Dr Ngo Thi Hoa, the leader of this collaboration in Vietnam and Oxford says: “The use of antibiotics in agriculture contributes substantially to the development of antibiotic resistant bacteria; particularly in E. coli - a type of bacteria that exists normally in humans and animals, but can sometimes cause opportunistic infections. However, we don’t fully understand how frequently bacteria and/or antibiotic resistance genes are transmitted between animals and humans. Results of this collaborative project will shed light on whether genetic factors of E. coli could be associated with their colonisation and spread between animals and humans. It will also tell us about how commonly the bacteria we study are carrying antibiotic resistance genes.”

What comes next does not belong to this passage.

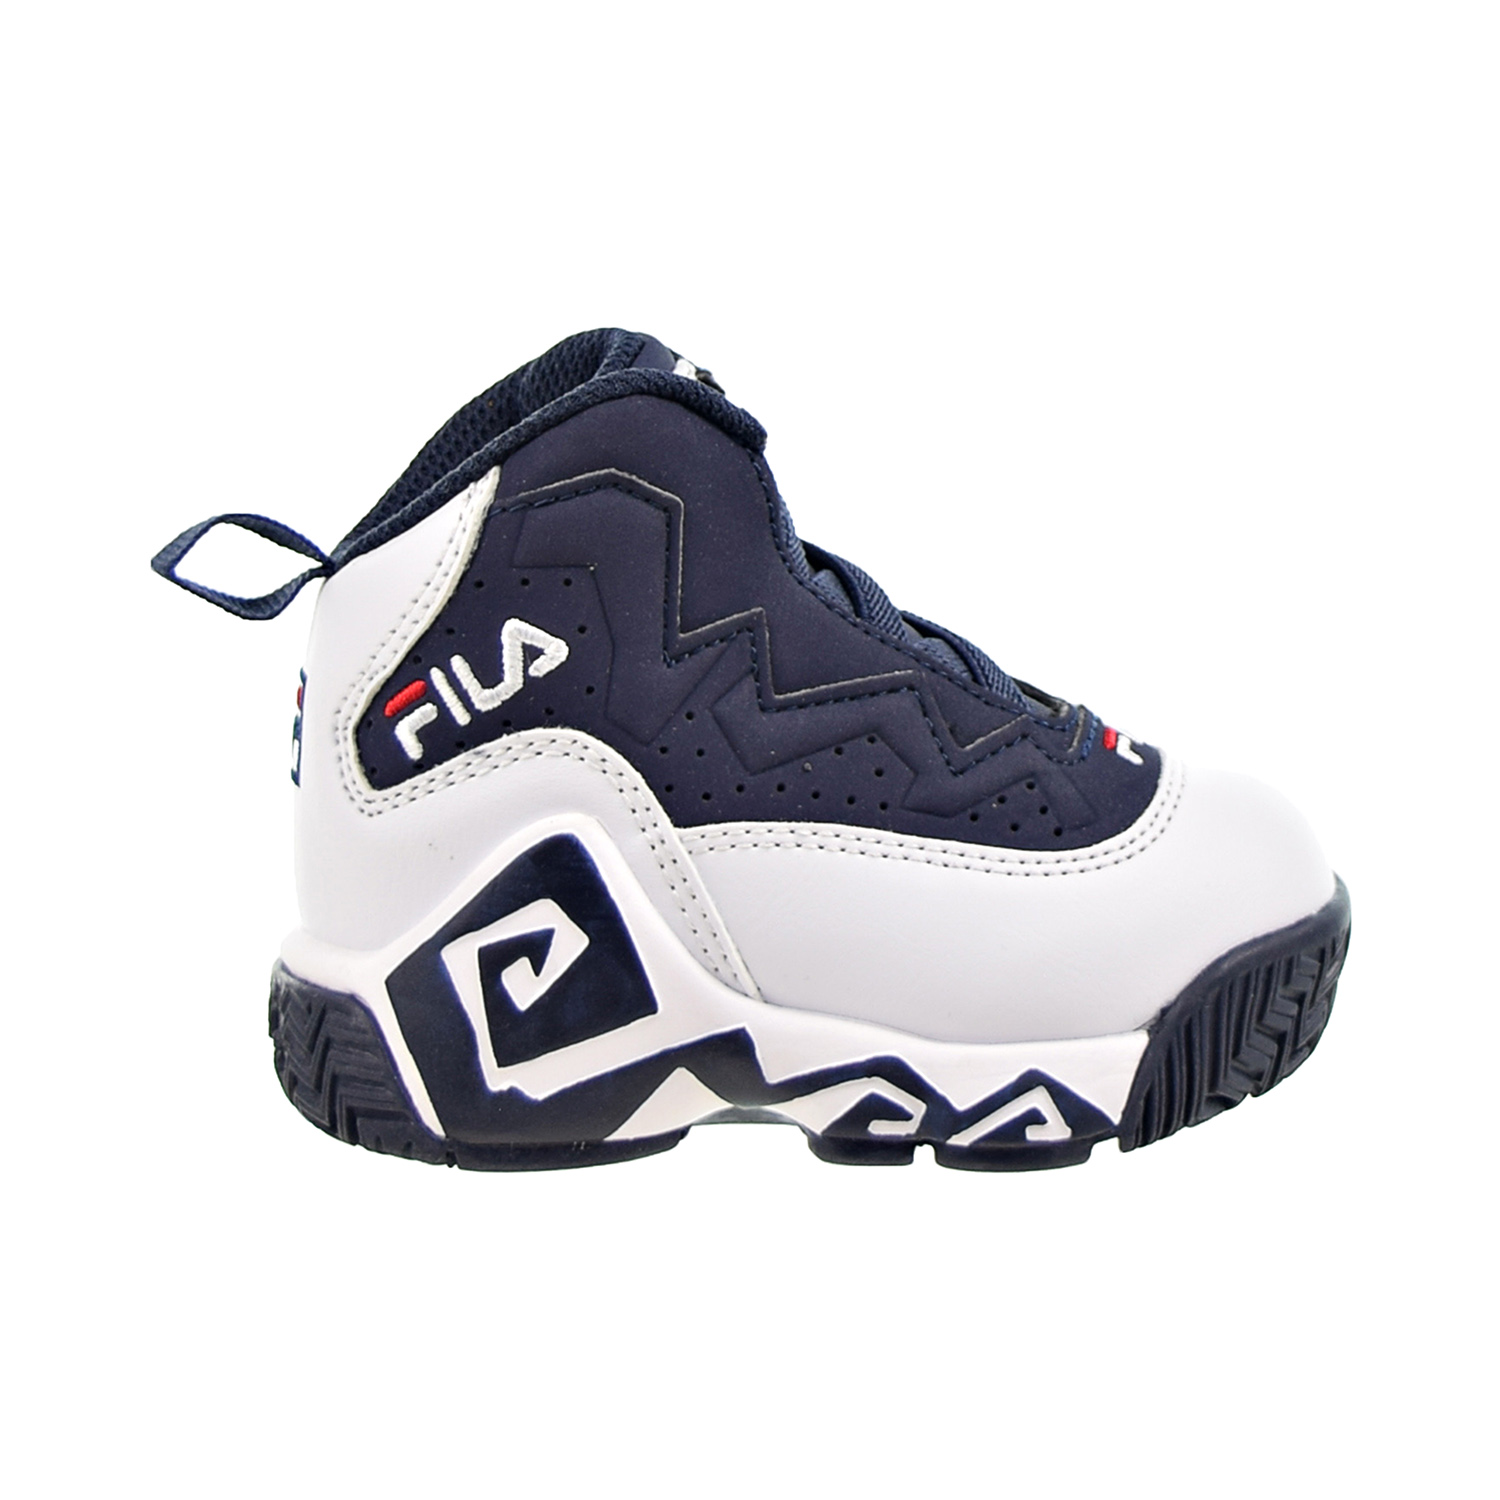 Fila Toddlers' Shoes White-Navy-Red 7bm01248-125

Antibiotics have revolutionized medicine and saved countless lives. Their discovery represented a quantum leap in the treatment of infectious diseases. Sadly, many bacteria are now resistant to multiple antibiotics, to the extent that resistant strains have become a major public health threat. There is a rising fear that bacterial infections might even become untreatable in the future. Many different factors have contributed to this situation including horizontal resistance gene transfer within and between bacteria species.
An example of how antibiotic resistant bacteria can spread between animals and humans can be found in the case of the antibiotic drug colisitin. Discovered roughly 70 years ago, doctors stopped using colistin in human medicine because it can be highly toxic, but it is still used in veterinary medicine, mostly for treating intestinal infections. Nowadays, in the wake of increasing numbers of severe human infections caused by multidrug-resistant Gram-negative bacteria, colistin has become a key last resort drug. Recently, a plasmid-encoded colistin resistance gene was isolated from an animal-associated E. coli strain, and subsequently found worldwide on multi-resistance plasmids from bacteria isolated from humans, animals, retail meat and environmental samples. This indicated that even colistin, a last-resort antibiotic, is now under threat.
The HECTOR consortium will be looking specifically at many E. coli isolates from human, animal and environmental sources in Europe and Vietnam. They will look at genetic factors in the isolates that might contribute to the ability of the E. coli to live in a specific host or environment. The consortium will also look at how antibiotic resistant genes are spread in E. coli. Then, they will use that data to set up a mathematical model that can predict the preferred host for the bacteria (e.g., pigs, chickens, humans etc.) and predict how these antibiotic resistance genes might be transmitted. This model will enable scientists to develop risk assessments on transmission of bacteria between animals and humans and to design and set up targeted interventions to prevent and reduce such transmission in the future.
The HECTOR consortium brings together seven academic and public health research groups from Germany, The Netherlands, Spain, the United Kingdom and Vietnam from the fields of human and veterinary medicine, basic science and bioinformatics. HECTOR stands for Host restriction of Escherichia Coli on Transmission dynamics and spread Of antimicrobial Resistance. The HECTOR consortium has received funding for three years from the Joint Programming Initiative on Antimicrobial resistance (JPIAMR) from the EU framework program Horizon2020 through the MRC to undertake this work.